Luciel ignore l’amusement dans la voix du semeur et s’exécute, un peu trop brusquement, sans doute. Nuée ouvre enfin ses ailes et saute dans le vide ; elle tombe pendant quelques secondes avant de se redresser pour attraper un courant aérien. L’ange sent son estomac accompagner les mouvements de sa monture. Ses doigts se crispent sur les lanières de cuir avec une intensité qui tient du désespoir.
Il s’applique tellement à rester en selle qu’il en oublie de diriger la khaïte, qui tourne en rond autour de la tour. Heureusement pour eux, aucun de ses habitants ne choisit ce moment pour s’envoler.
— Les rênes, Luciel ! Tu dois lui indiquer où aller !
L’ange se ressaisit et tire sur celle de droite pour éloigner Nuée de la bâtisse. Aussitôt, la trajectoire de la khaïte s’incurve en une large courbe qui l’entraîne vers le cœur de l’île. Les instructions d’Aïzie lui reviennent en mémoire. Il se penche en arrière et sent les ailes puissantes battre avec vigueur, tandis qu'ils s'élèvent vers le firmament. C’est plus impressionnant que de voler par lui-même, mais aussi étrangement agréable. Peu à peu, sa peur de tomber se dissipe face au simple bonheur de se laisser porter à travers le ciel, sous le vent d'altitude qui fouette son visage et emmêle ses cheveux.
Au bout d’un moment, il décide de ramener la khaïte vers la tour et s'incline pour la faire descendre, mais il calcule mal son geste.

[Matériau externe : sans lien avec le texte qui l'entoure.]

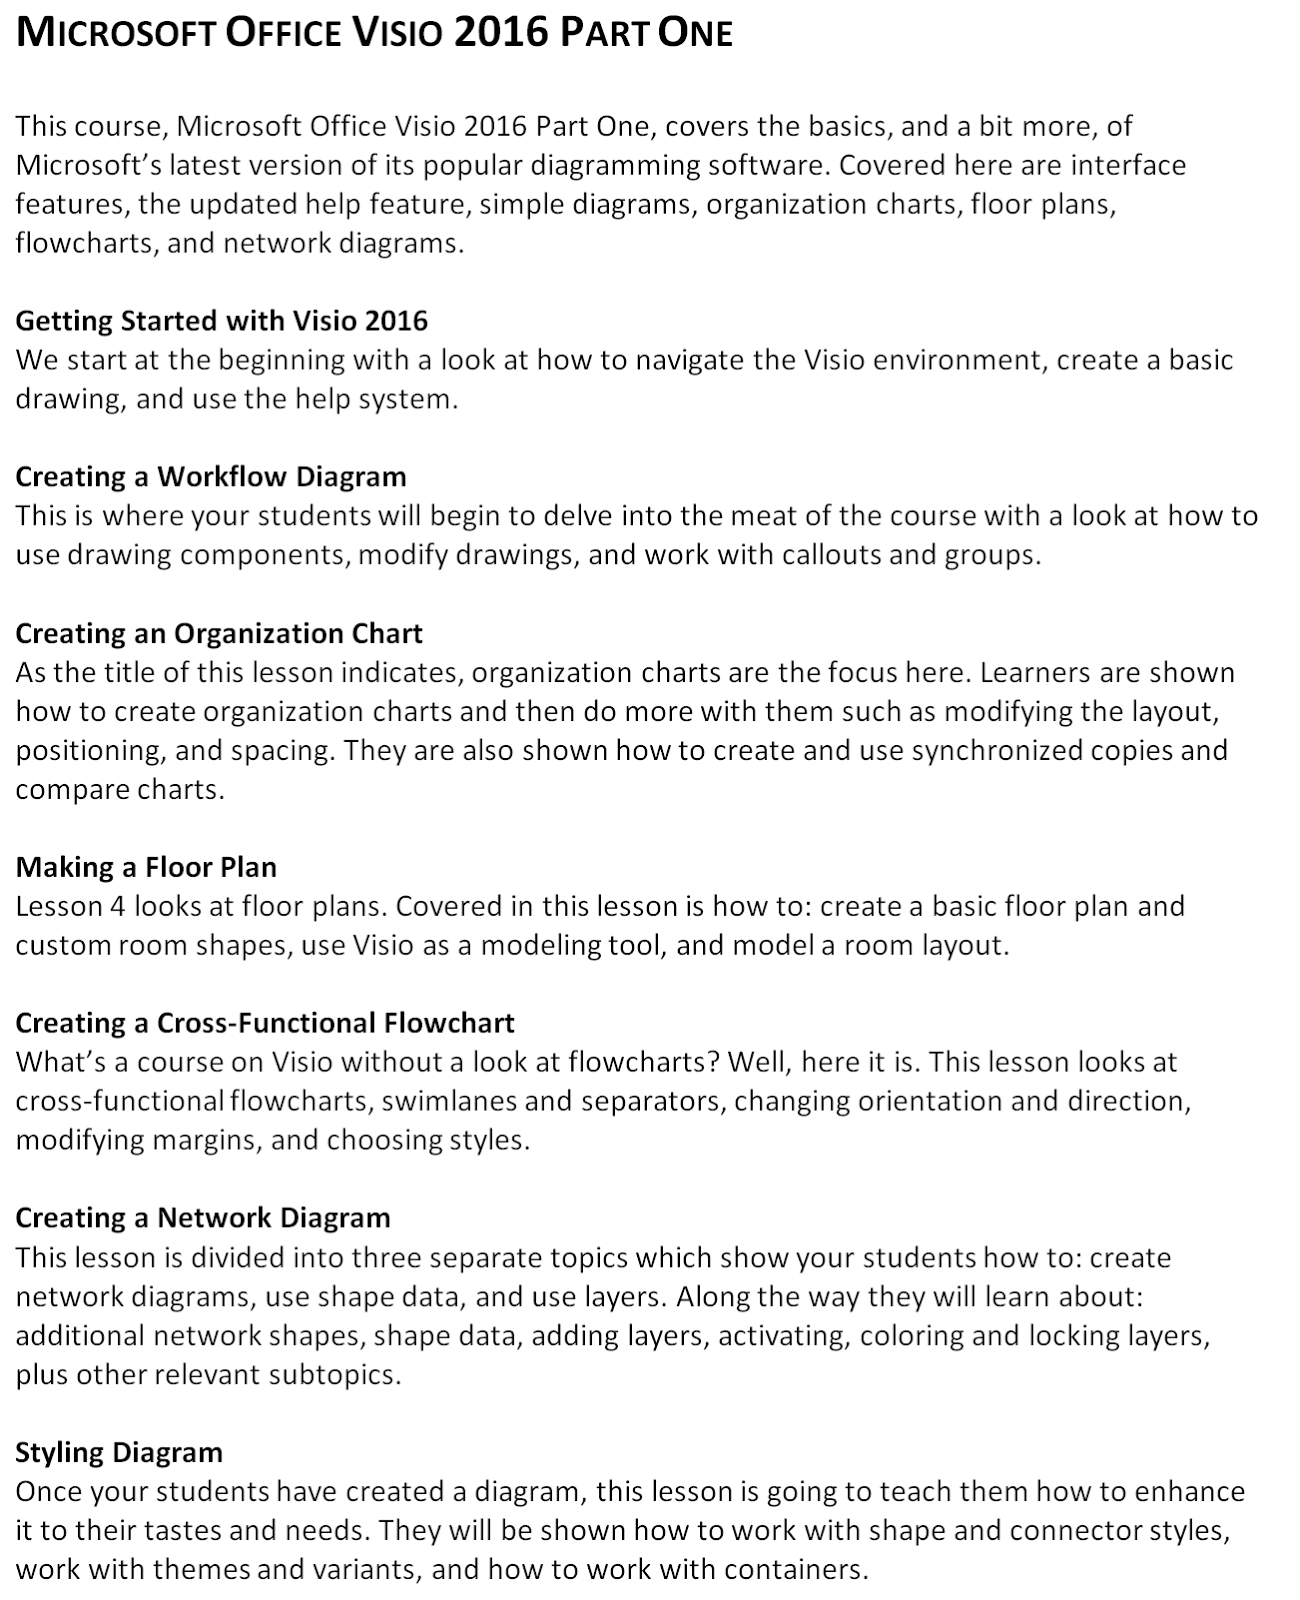 Mouse Training London Ltd: Microsoft Office - Visio 2016 Part 1
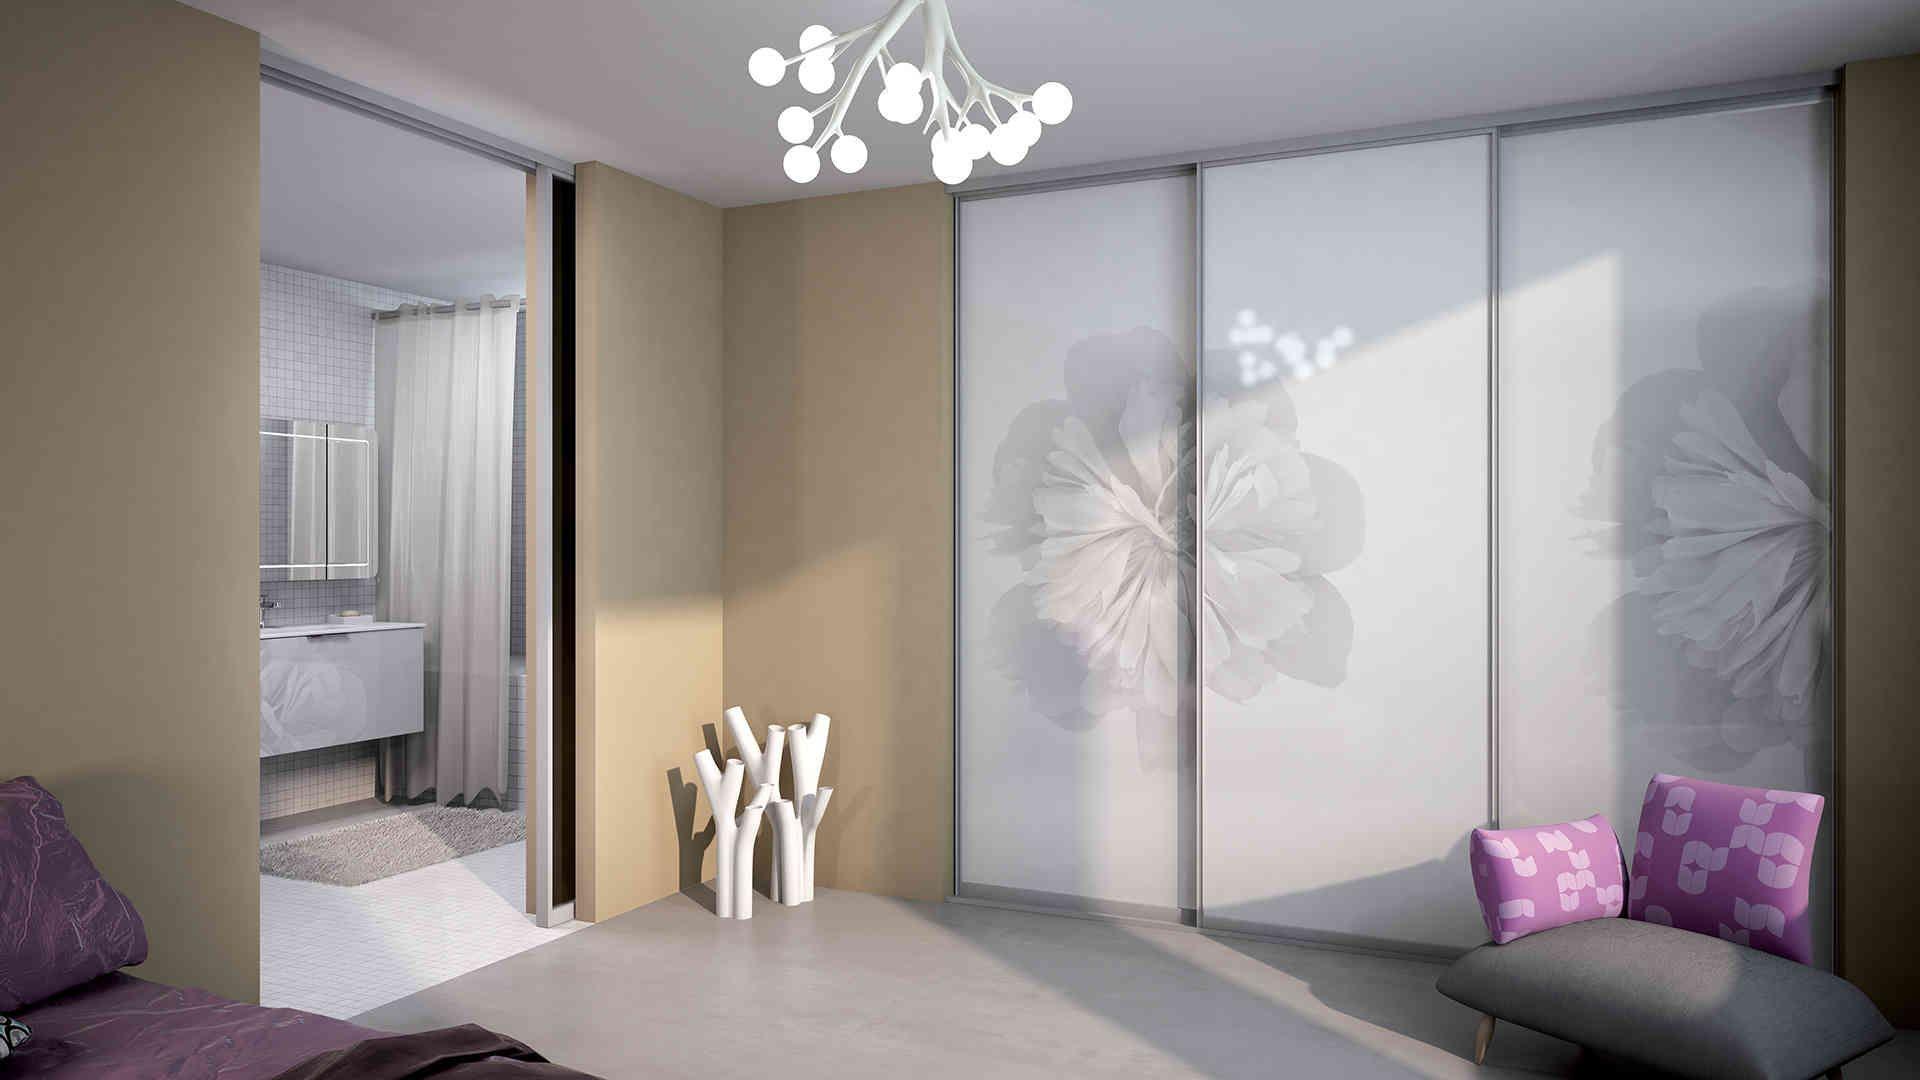 Avis Meuble Salle De Bain Cuisinella ~ salle de bain cuisinella avis beau salle de bain cuisinella avec

Nuée part dans une longue spirale qui la conduit vers la paroi inférieure de l’île.
Le courage du jeune ange vacille :
— Je n’y arriverai jamais… souffle-t-il.
Sa voix est emportée par les bourrasques qui constituent la protection ultime du lieu. L’air y est plus violent, chargé de turbulences ; une crainte profonde le saisit. La douleur palpite à nouveau dans son aile blessée. Son coeur bat à toute allure, comme celui d’un tournevol captif.
L’image de Solia s’impose alors devant les yeux de Luciel. Luciel serre les dents et reprend le contrôle de sa monture. Il la rapproche des parois blanches percées de larges baies, puis la conduit vers la partie inférieure de l’île. Peut-être que la khaïte commence-t-elle à s’habituer à sa main, car elle répond mieux à ses gestes. Avec un nouveau sentiment de plénitude, il la ramène vers la tour, en évitant avec soin le mur de tempête. La grande créature s’y dirige avec le même enthousiasme qu’un cornu qui rentre à l’étable. Elle se pose sans encombre sur le ponton, sous le regard jubilatoire d’Aïzie.